I need to show that
$$
\int_0^\infty \frac{\sin^4x}{x^4}dx = \frac{\pi}{3}
$$
I have already derived the result $\int_0^\infty \frac{\sin^2x}{x^2} = \frac{\pi}{2}$ using complex analysis, a result which I am supposed to start from. Using a change of variable $ x \mapsto 2x $ :
$$
\int_0^\infty \frac{\sin^2(2x)}{x^2}dx = \pi
$$
Now using the identity $\sin^2(2x) = 4\sin^2x – 4\sin^4x $, we obtain
$$
\int_0^\infty \frac{\sin^2x – \sin^4x}{x^2}dx = \frac{\pi}{4}
$$
$$
\frac{\pi}{2} – \int_0^\infty \frac{\sin^4x}{x^2}dx = \frac{\pi}{4}
$$
$$
\int_0^\infty \frac{\sin^4x}{x^2}dx = \frac{\pi}{4}
$$
But I am now at a loss as to how to make $x^4$ appear at the denominator. Any ideas appreciated.

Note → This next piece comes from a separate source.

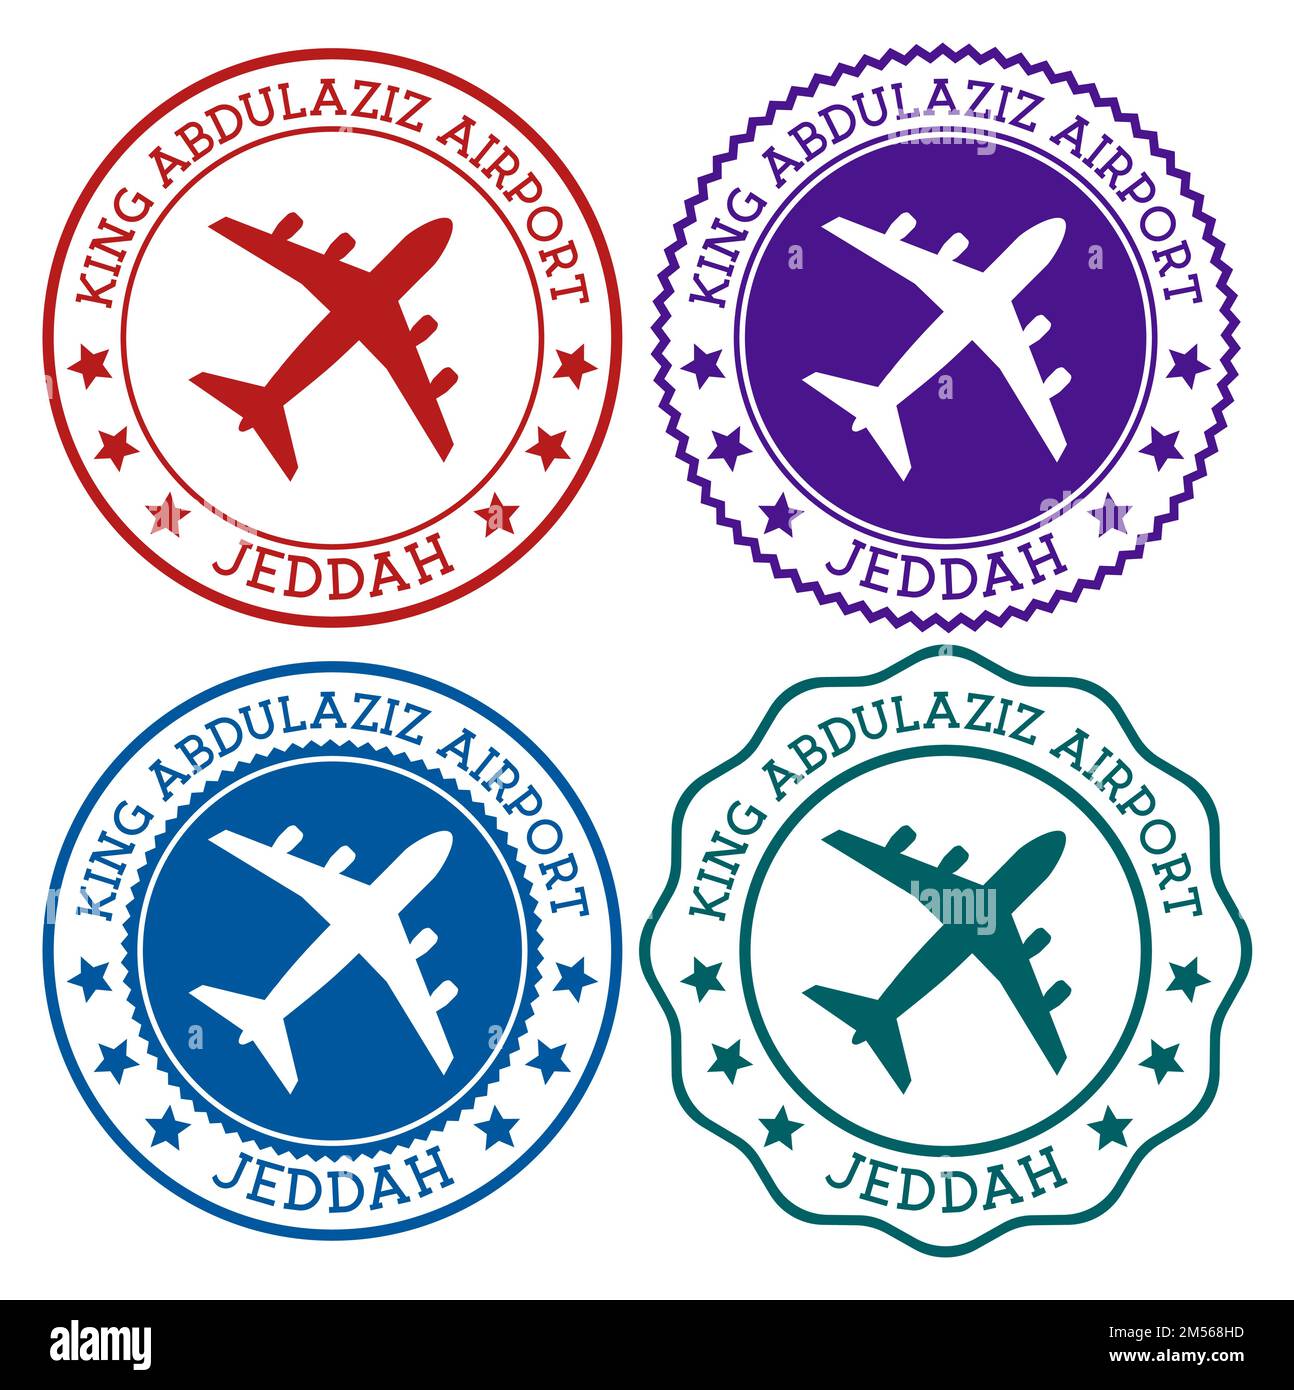 King Abdulaziz Airport Jeddah. Jeddah airport logo. Flat stamps in material color palette. Vector illustration. Stock Vector

Important: I must start from $ \int_0^\infty \frac{\sin^2x}{x^2}dx $, and use the change of variable and identity mentioned above
Best Answer
You are likely expected to integrate by parts (twice) $$ \begin{eqnarray} \int \frac{\sin^4(x)}{x^4} \mathrm{d}x &=& -\frac{1}{3} \frac{\sin^4(x)}{x^3} + \frac{4}{3} \int \frac{\cos(x) \sin^3(x) }{x^3} \mathrm{d} x \\ &=& -\frac{1}{3} \frac{\sin^4(x)}{x^3} -\frac{2 \cos(x) \sin^3(x)}{3 x^2} + \frac{2}{3} \int \frac{3 \cos^2(x) \sin^2(x) - \sin^4(x)}{x^2} \mathrm{d} x \\ &=& -\frac{1}{3} \frac{\sin^4(x)}{x^3} -\frac{2 \cos(x) \sin^3(x)}{3 x^2} + \frac{2}{3} \int \left(\frac{\sin^2(2x)}{x^2} - \frac{\sin^2(x)}{x^2} \right) \mathrm{d}x \end{eqnarray} $$ where the last equality used $$\begin{eqnarray} 3 \cos^2(x) \sin^2(x) - \sin^4(x) &=& 3 \cos^2(x) \sin^2(x) - \sin^2(x) (1-\cos^2(x)) \\ &=& \left(2 \sin(x) \cos(x) \right)^2 - \sin^2(x) = \sin^2(2x) - \sin^2(x) \end{eqnarray} $$ Now $$\begin{eqnarray} \int_0^\infty \frac{\sin^4(x)}{x^4} \mathrm{d}x &=& \frac{2}{3} \int_0^\infty \frac{\sin^2(2x)}{x^2} \mathrm{d} x - \frac{2}{3} \int_0^\infty \frac{\sin^2(x)}{x^2} \mathrm{d}x \\ &=& \frac{4}{3} \int_0^\infty \frac{\sin^2(y)}{y^2} \mathrm{d} y - \frac{2}{3} \int_0^\infty \frac{\sin^2(x)}{x^2} \mathrm{d}x \\ &=& \frac{2}{3} \int_0^\infty \frac{\sin^2(x)}{x^2} \mathrm{d}x = \frac{\pi}{3} \end{eqnarray} $$